Wednesday, 13 February 2008

Rotina

texto de: O Coxo

É assim: parte-se de manhã e o sol até parece uma estrela viva em que fusões nucleares e assim. Mas não. Na brutalidade da luz matinal constroí-se o equívoco. E enquanto luto para tirar a maldita geada do vidro do carro tenho medo desses oito minutos.

Conduzo por instinto. Não vejo o carro que vem da esquerda e a luz mais forte ainda. Oito minutos volvidos. Hidrogénio em Hélio e fotões aos montes.

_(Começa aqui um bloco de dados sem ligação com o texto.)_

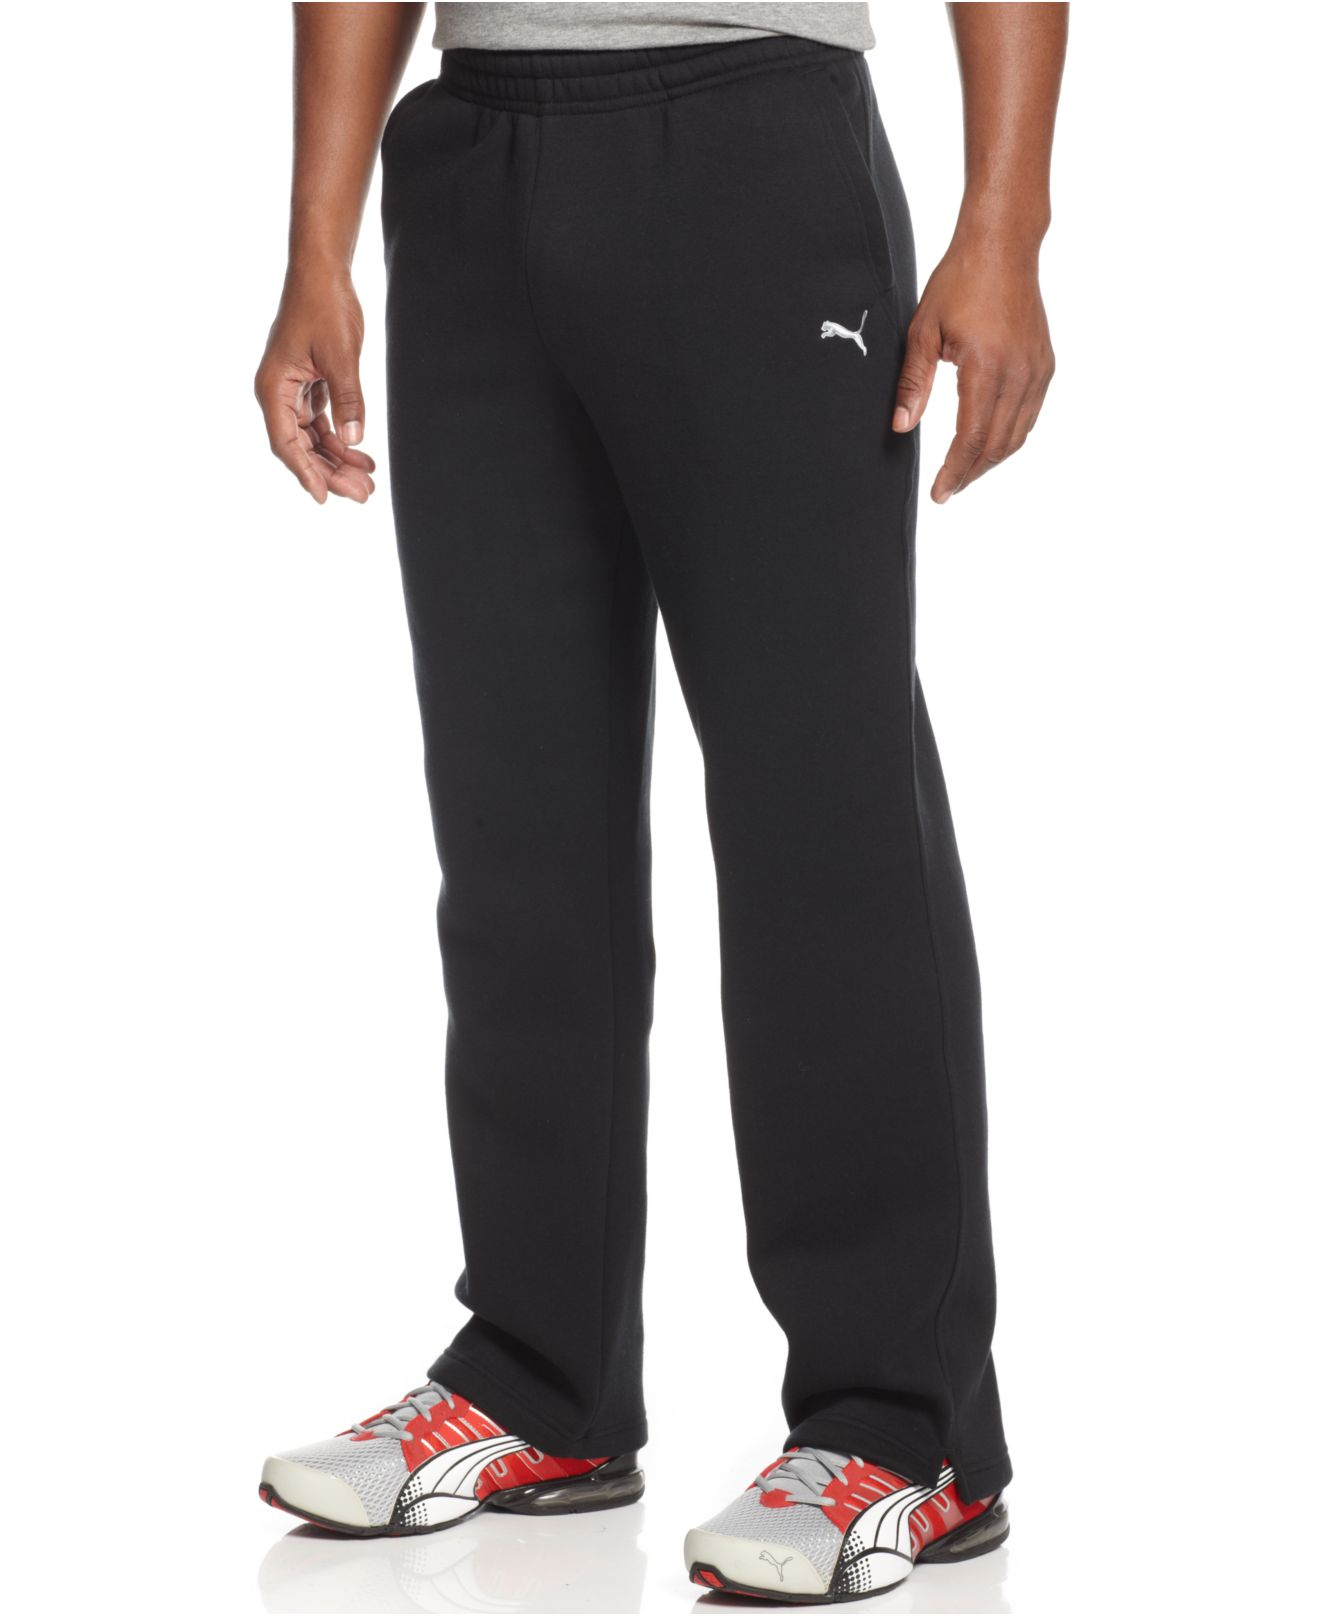 Puma Men S Drawstring Fleece Sweatpants In Black For Men

Vozes à minha volta e a luz forte que vem do tecto.

Tecto ?

Tenho sono (como todos os dias de manhã temos sono). Vozes à minha volta de cara tapada e bata branca. Estou deitado.

- passa-me o bisturi

Mais sol e oito minutos sem saber se haverá carros da esquerda. O sol com uma cor mais branca e por cima um tecto.

Um tecto ?

De certeza que estou atrasado. Da rotunda ao escritório cinco minutos e agora o carro da esquerda e eu aqui deitado a olhar o sol.

O sol ?

eu aqui deitado a olhar a luz pendurada do tecto. A olhar a luz pendurada do tecto e as enfermeiras

enfermeiras ?

as enfermeiras agitadissimas. Uma azáfama de hospital como se alguém

eu ?

como se alguém estivesse atrasado para o trabalho porque na rotunda a geada, o vidro, o carro da esquerda, o rádio que falava de baixas pressões, o homem de bicicleta que todos os dias me cruzo com ele, a farmácia ainda fechada, o buraco na estrada (o buraco que outro dia esqueci e o pneu furado), o ruído de travagem.

É assim: Parte-se de manhã já atrasado. A luz do sol dá-nos oito minutos de vida e a malha do destino fecha-se à nossa volta. Depois uma linha direita numa máquina que lê corações e no final mais luz. Dizem que um túnel.

Não sei se um túnel, mas parece-me que hoje não vou chegar a horas ao trabalho.